-- Opening Marker --

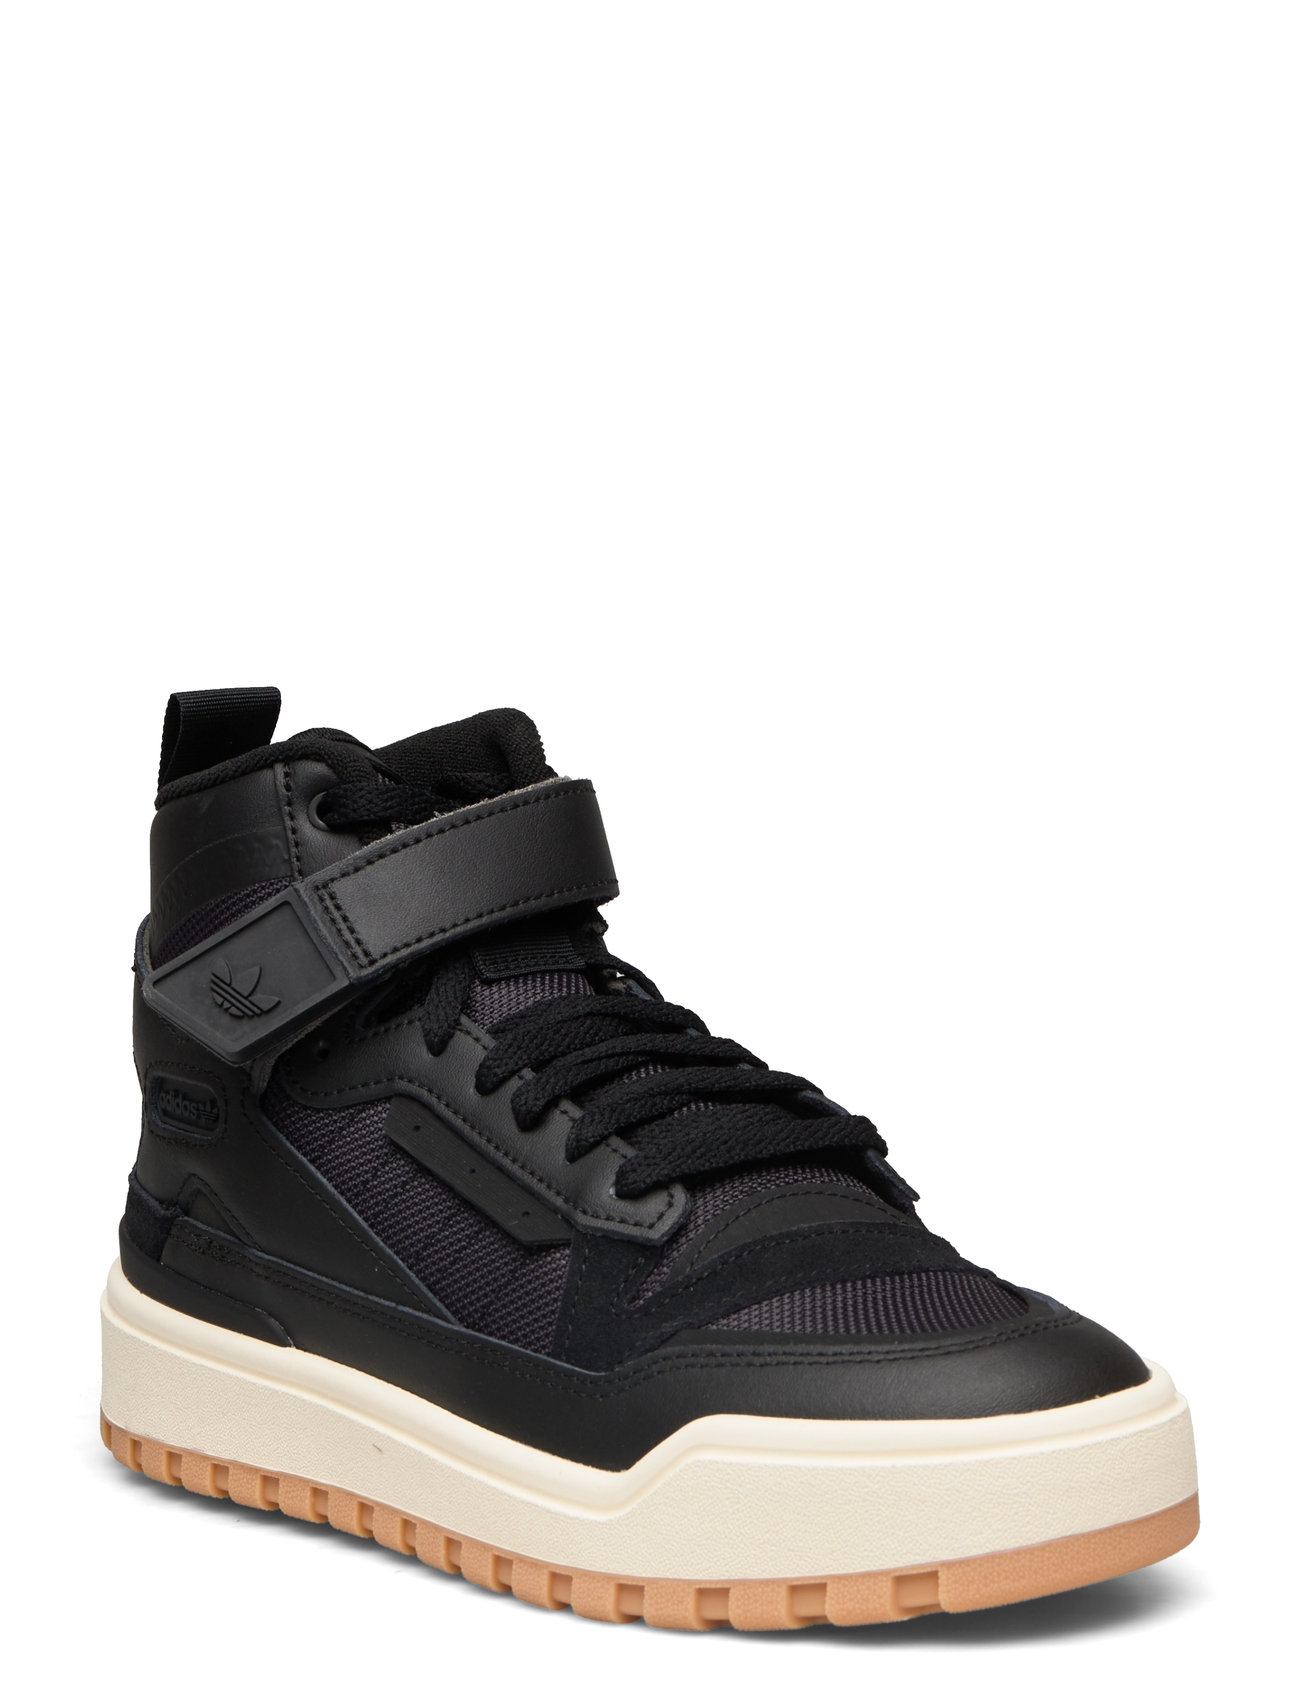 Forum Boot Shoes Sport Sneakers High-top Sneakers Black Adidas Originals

-- Closing Marker --
-- Opening Marker --

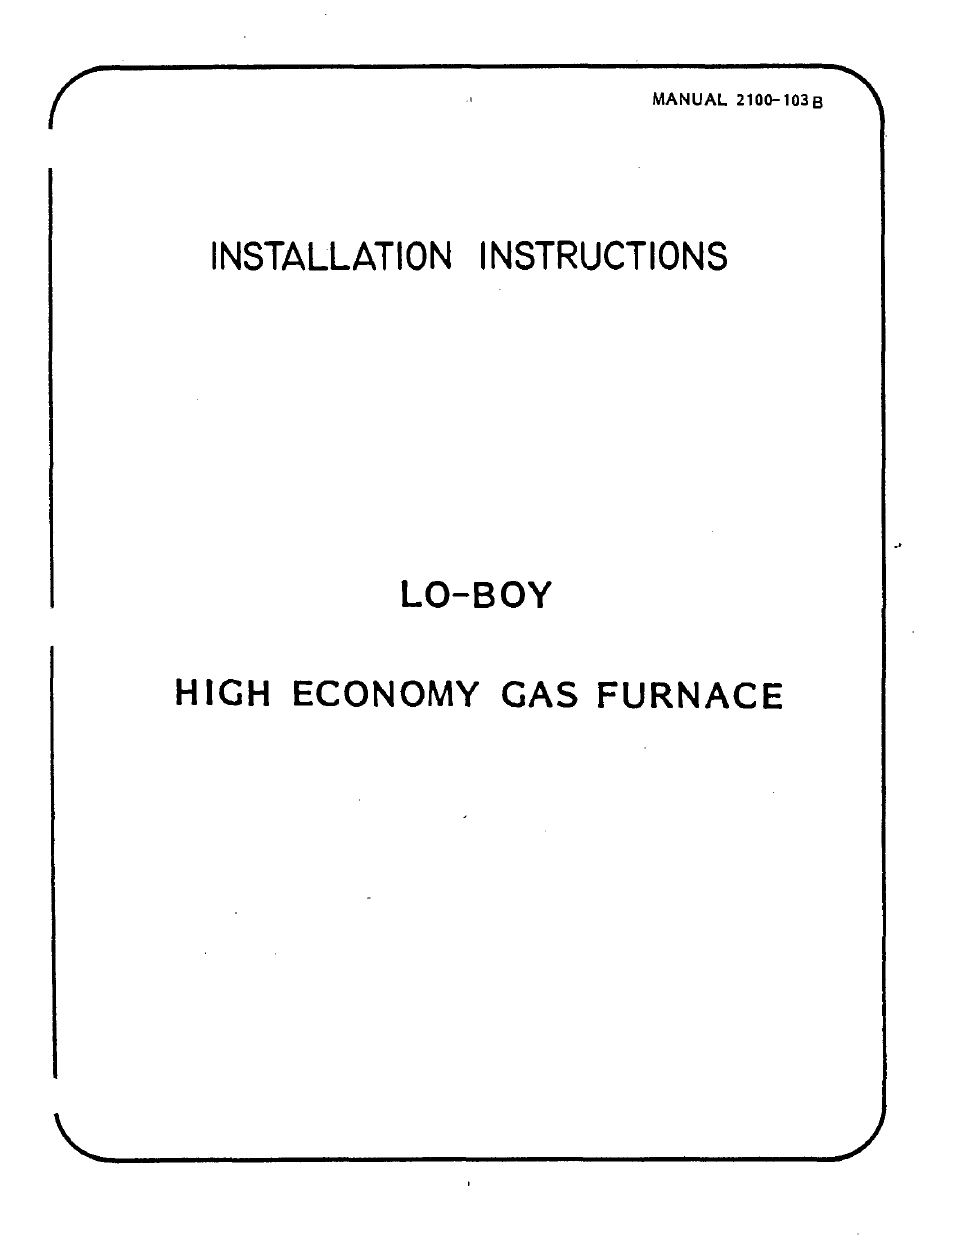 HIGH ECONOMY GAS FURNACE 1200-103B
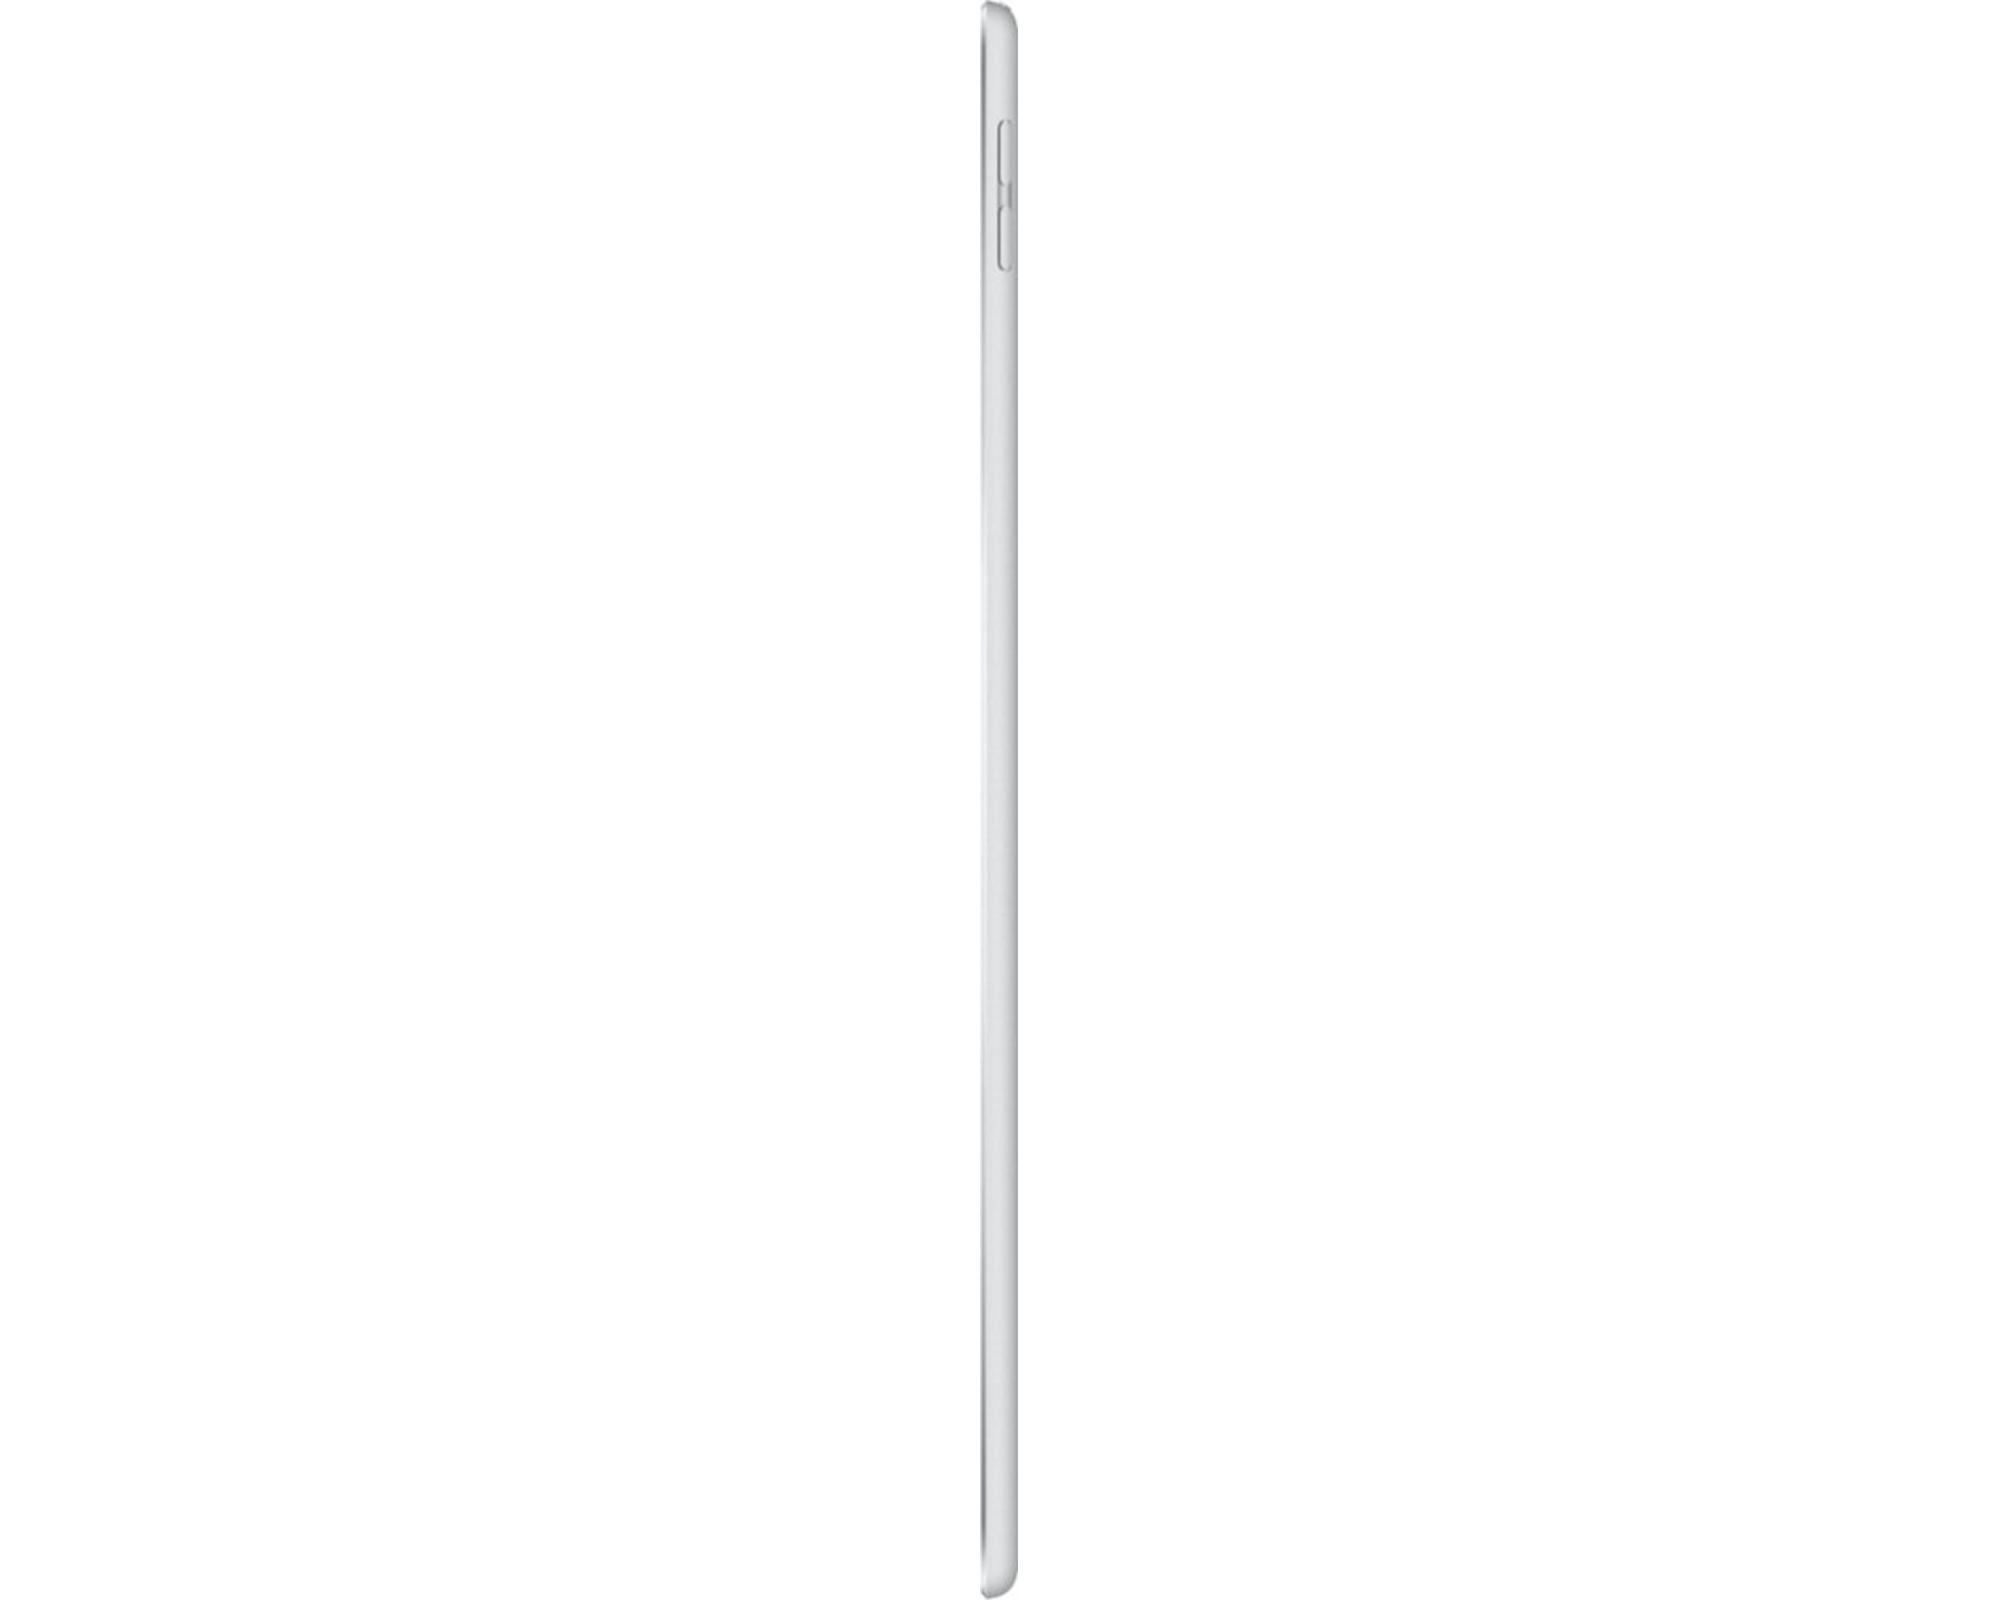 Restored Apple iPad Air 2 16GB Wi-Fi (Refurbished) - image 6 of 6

-- Closing Marker --

An exact copy of the lines above from the one with "HIGH ECONOMY GAS FURNACE 1200-103B" up to and including the one with "Restored Apple iPad" is required; reproduce only those lines, omitting all pictures.

(RESULT FOR THIS TASK):
 HIGH ECONOMY GAS FURNACE 1200-103B
 Restored Apple iPad Air 2 16GB Wi-Fi (Refurbished) - image 6 of 6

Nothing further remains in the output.